Il legislatore delegato potrà, tuttavia, porre un limite
alla percentuale di utili attribuibili ai soci finanziatori e
alla riserva divisibile allo scopo di evitare che le risorse
della società vengano prevalentemente destinate al
conseguimento di scopi di lucro.
La conciliazione fra l'interesse dei soci cooperatori e
quello dei soci finanziatori, dovrà essere cercata anche sul
piano amministrativo, consentendo una tutela adeguata ai
secondi, senza compromettere la tutela dei primi. I soci
finanziatori dovrebbero così parametrare, al loro interno, i
diritti di intervento nella gestione alla consistenza della
loro partecipazione, ma non dovrebbero poter contare sulla
maggioranza dei voti nell'assemblea e avere posizioni di
controllo nell'ambito del consiglio di amministrazione. La
salvaguardia dell'interesse dei soci cooperatori imporrà che
la maggioranza dei voti assembleari e dei componenti
dell'organo di gestione sia riservata a questi stessi soci
cooperatori.
Per quanto attiene alle regole del governo societario per
le società cooperative con una compagine sociale molto diffusa
troveranno applicazione, in linea di principio, le nuove norme
previste per le società per azioni, che tendono proprio al
conseguimento di questo stesso obiettivo.

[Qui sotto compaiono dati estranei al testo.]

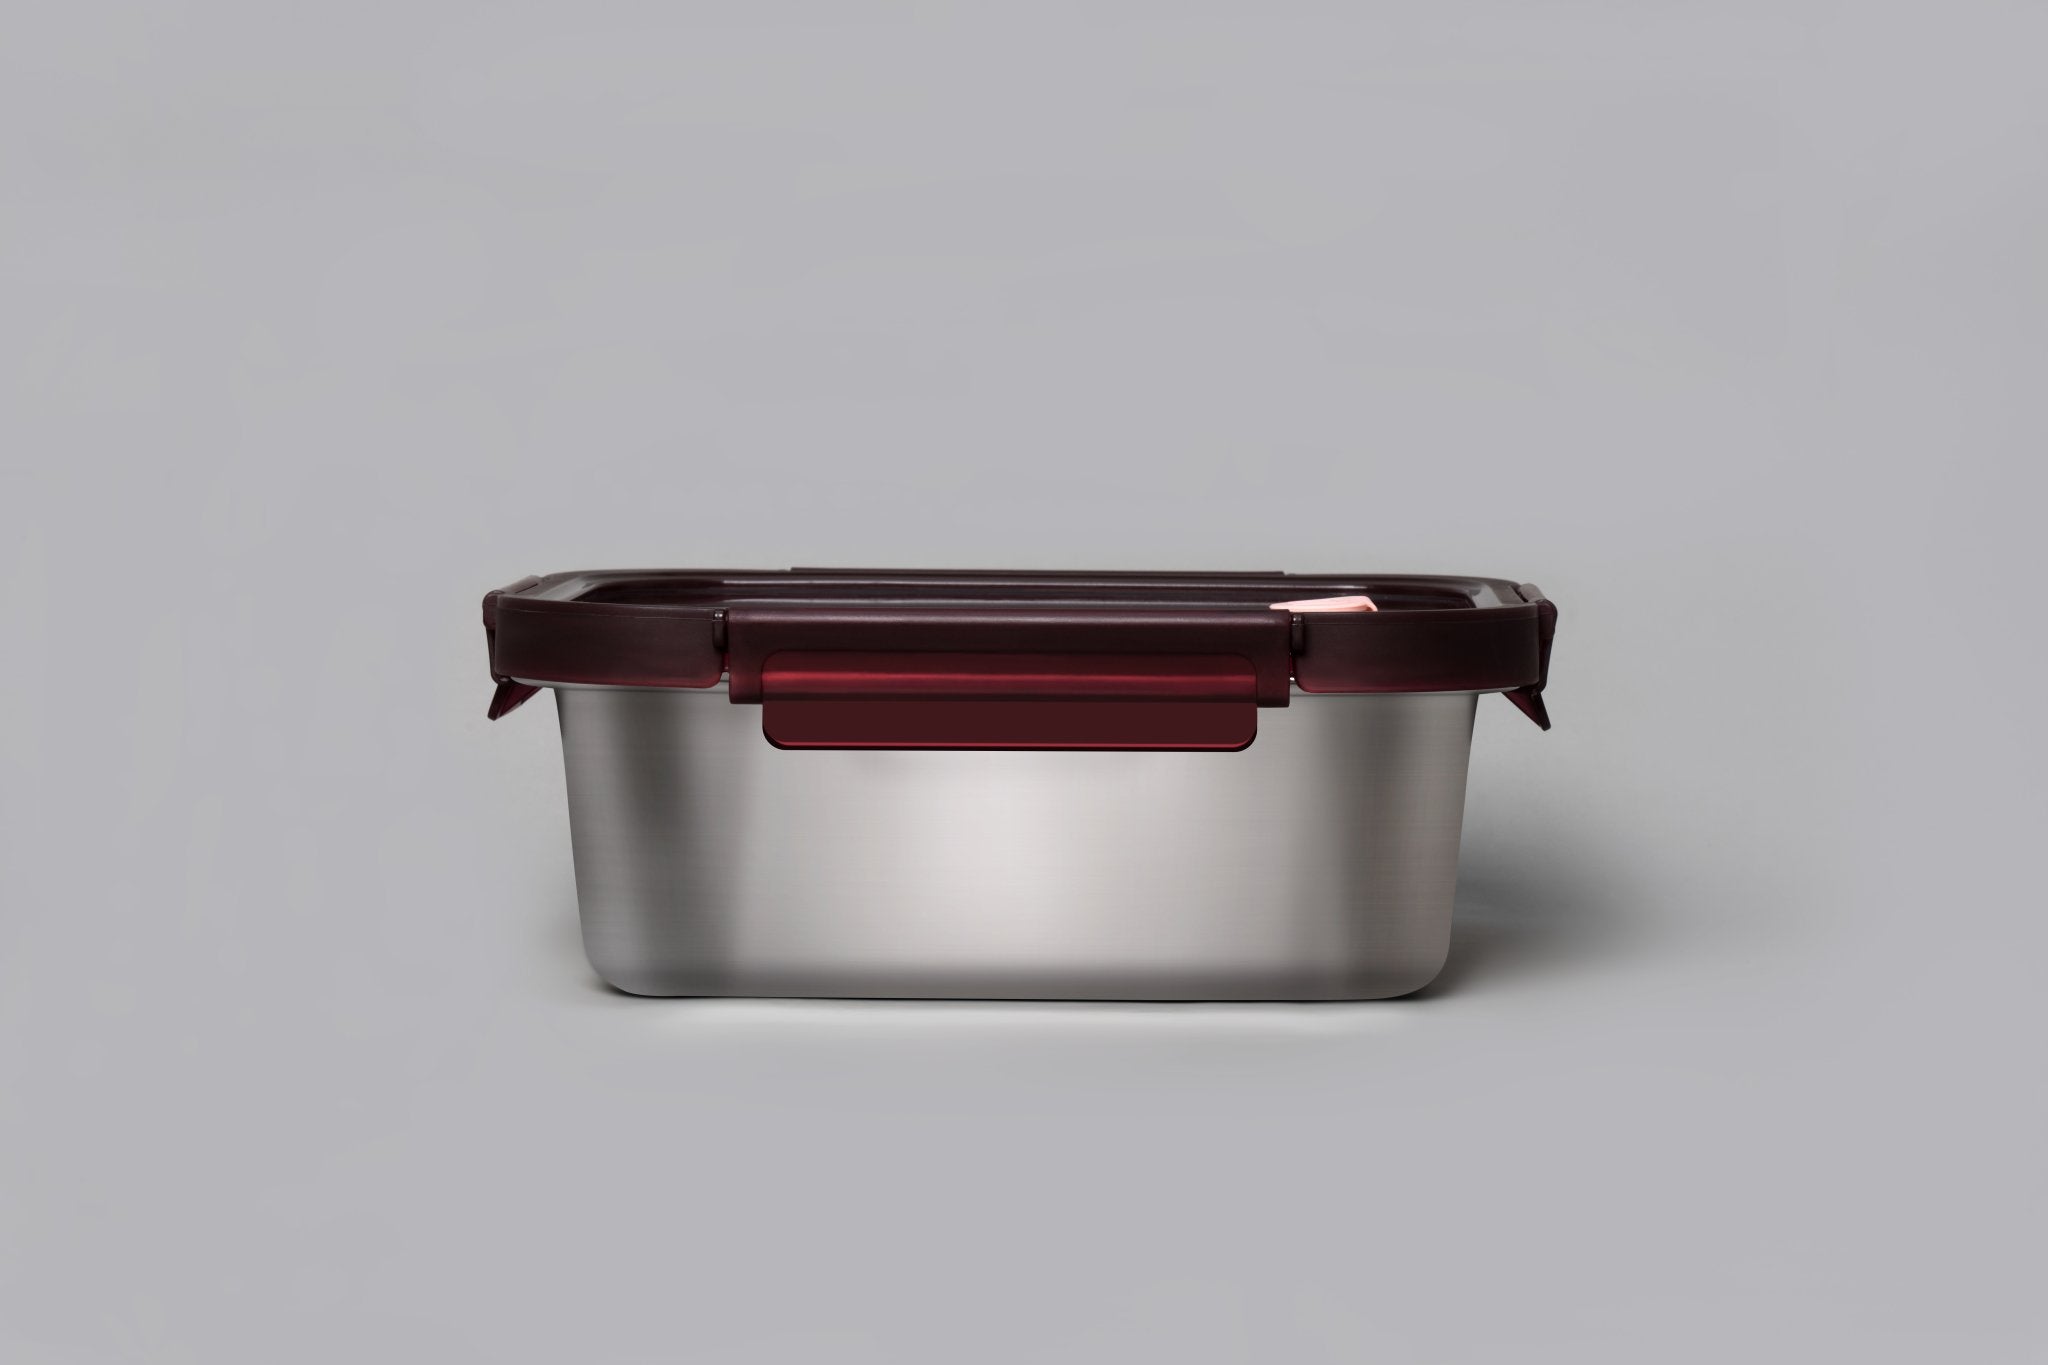 https://genicook.com/cdn/shop/products/rectangular-microwave-safe-stainless-steel-container-800-1200-or-1800-mlgenicooksiv800rc-rd-502933.jpg?v=1699599722

I problemi del governo cooperativo si porranno in termini
radicalmente diversi per le società cooperative a base
ristretta, per le quali troveranno, in linea di principio,
applicazione le norme dettate per la società a responsabilità
limitata.
E anche in materia di governo societario, sia per le
società cooperative modellate sulla società per azioni sia per
quelle modellate sulla società a responsabilità limita, sarà
necessario attribuire il più ampio ruolo possibile
all'autonomia statutaria, in modo da consentire che le regole
organizzative siano coerenti con le caratteristiche della
compagine sociale e dell'attività esercitata.
Le norme delegate potranno, peraltro, introdurre tutte le
regole ritenute necessarie per "favorire la partecipazione dei
soci cooperatori alle deliberazioni assembleari e rafforzare
gli strumenti di controllo interno sulla gestione" <comma 1,
lettera c)>. Gli interventi esplicitamente previsti
hanno come punto di riferimento essenzialmente le società
cooperative con una compagine sociale diffusa. Essi riguardano
sia l'assemblea dei soci sia l'organo amministrativo, e,
ancora prima, la formazione della compagine sociale.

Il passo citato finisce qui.